While many vaccines can take four or five years, sometimes even a decade, to develop, the federal government has an accelerated schedule that could produce a vaccine by the end of the year. Experts say the vaccine is a two-shot regimen, meaning participants get one injection early and another four weeks later.

“It takes at least a month for the immune response to be properly stimulated. After the trial starts, it takes a month or two to enroll enough people, another month or two for them to get vaccinated, and then it’s up to the virus to see how it goes, ”Leahy said. . “So I would say within three months that would be the absolute earliest, that could be a signal.”
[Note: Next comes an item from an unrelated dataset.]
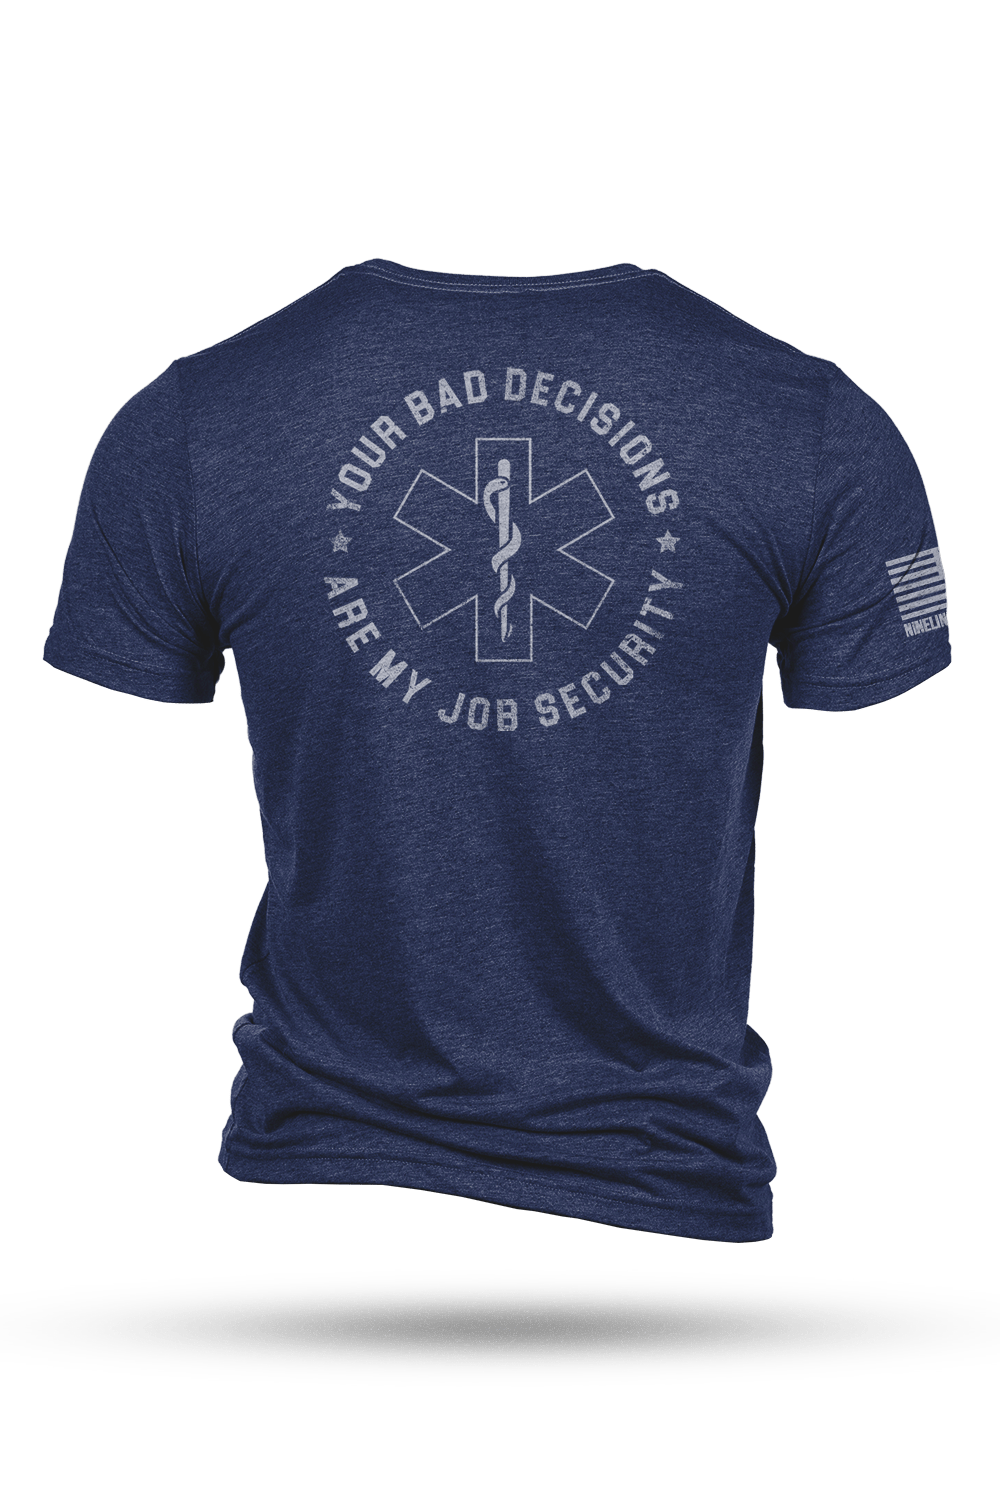 T-Shirt - Job Security

The entire study for a vaccine is recruiting 30,000 participants nationwide. Patients who enroll in the study will participate in the trial for two years. Most trials should begin registration in the last week of July.

Experts say you need hundreds of millions of doses of the vaccine.

“The government actually sponsors in its Chain speed program several companies, including Moderna, Inc., for whom these latest results have just come out, saying that it is enough to make a lot of the vaccine now and store it, even if it doesn’t work. We’re going to pay for it, ”Leahy said.

Leahy said the companies would likely get emergency use clearance from the FDA and then the vaccine would first be given to “people at high risk,” including medical professionals, construction workers and others. food processing plants.